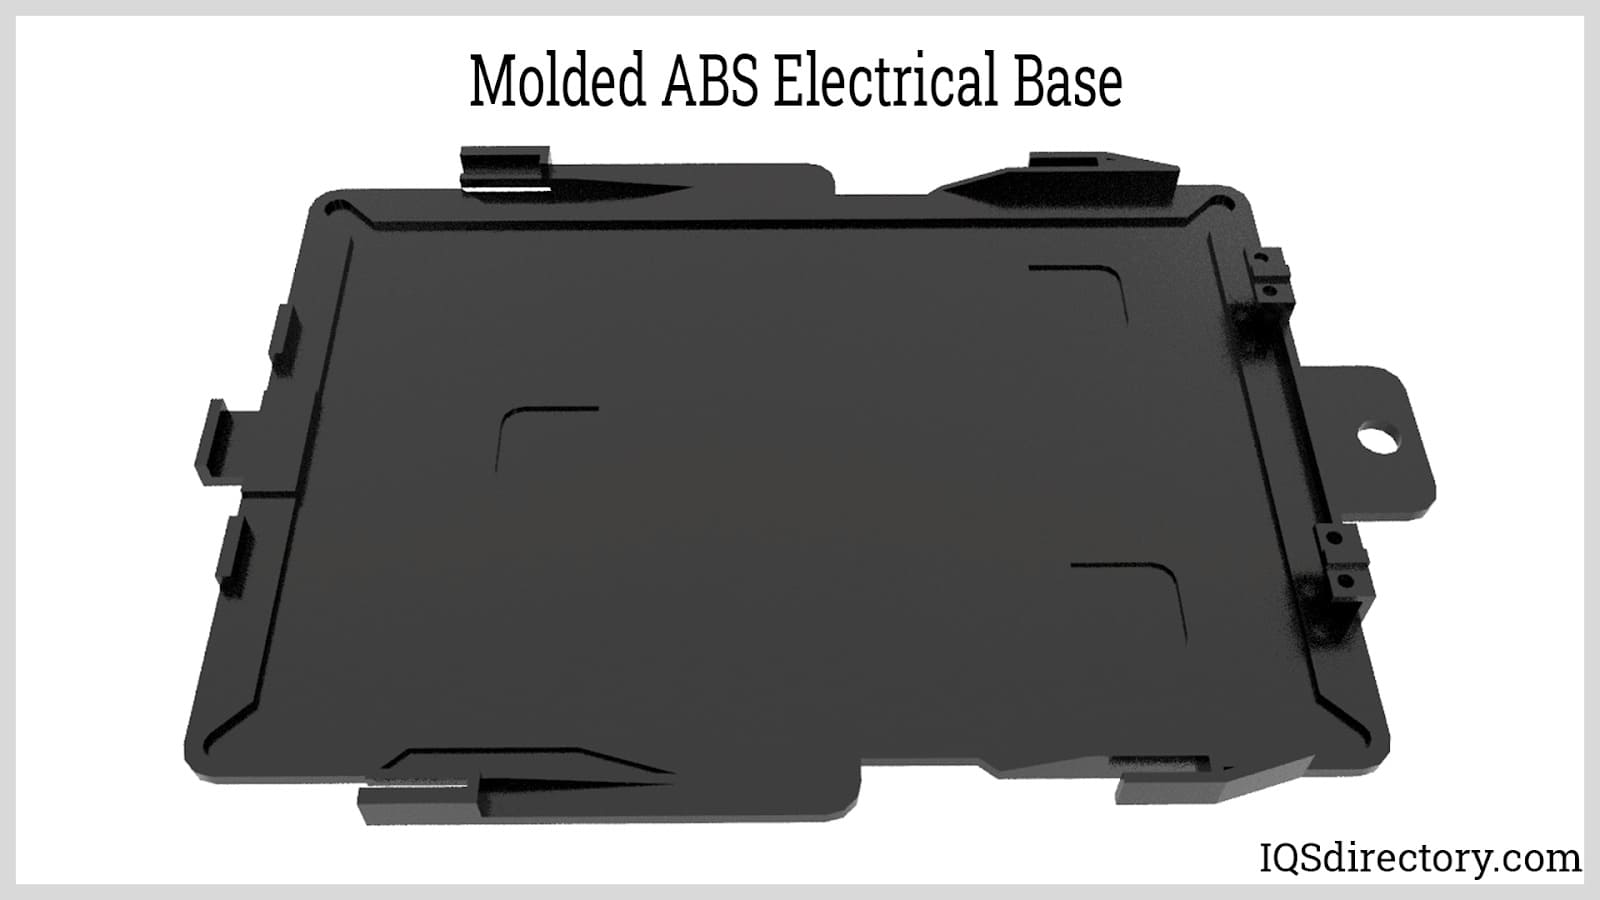 Molded ABS Electrical Base
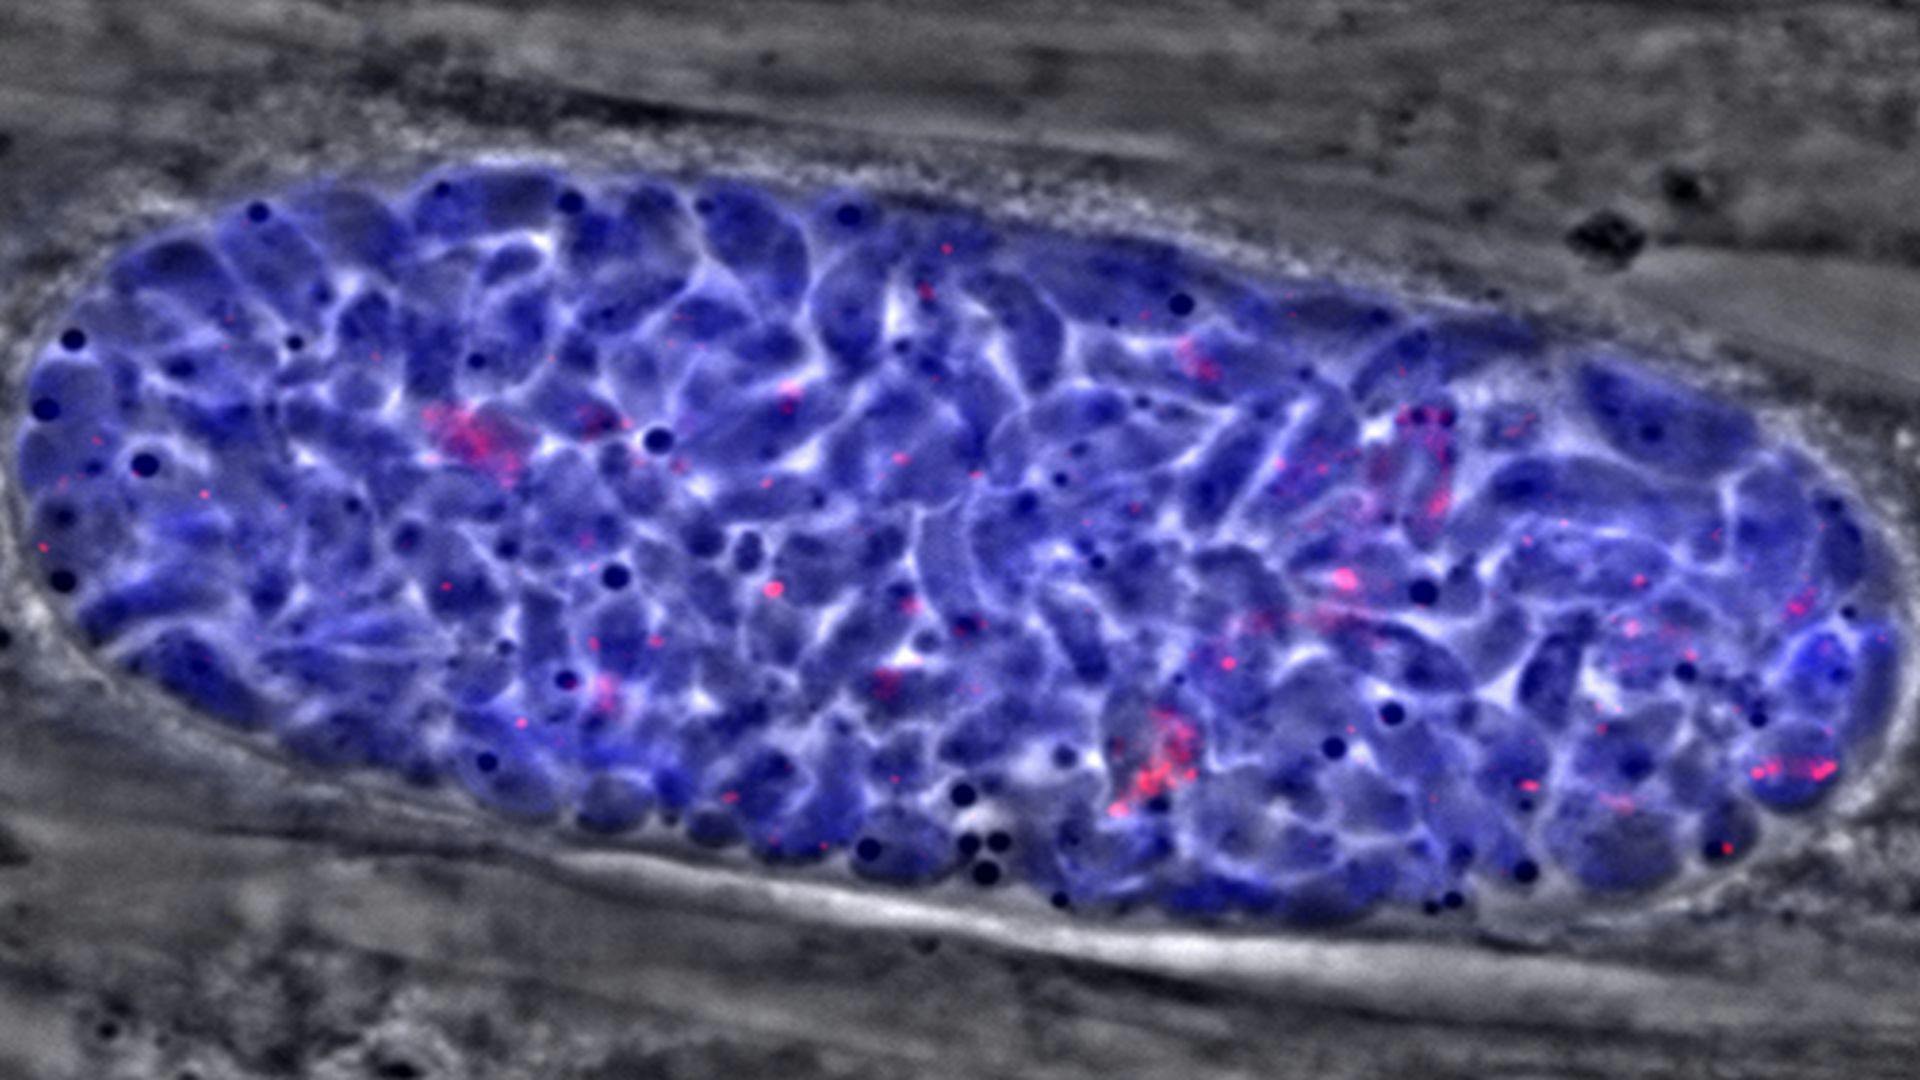 Stopping Toxoplasmosis Parasite Requires Interference With Digestion During Dormant Phase
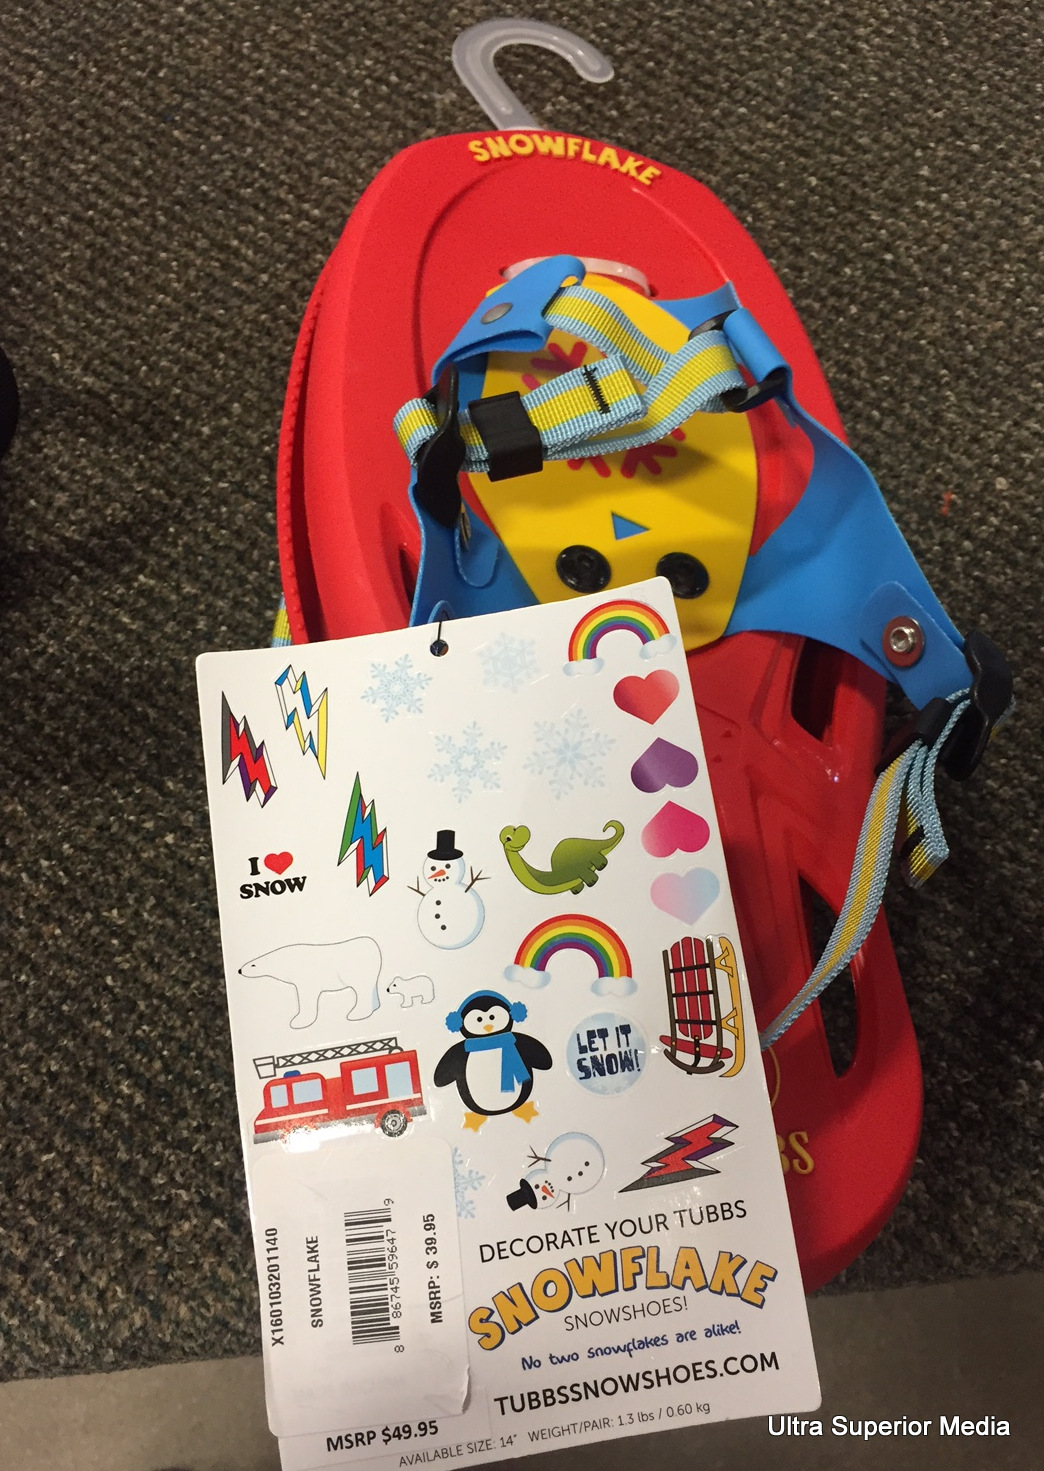 Start 'em Young! Snowshoes for Kids Two to Teens

^^^^^^^^

Would you write out all of the data exactly as it stands, without the pictures?

__Answer to this problem__.
 Molded ABS Electrical Base
 Stopping Toxoplasmosis Parasite Requires Interference With Digestion During Dormant Phase
 Start 'em Young! Snowshoes for Kids Two to Teens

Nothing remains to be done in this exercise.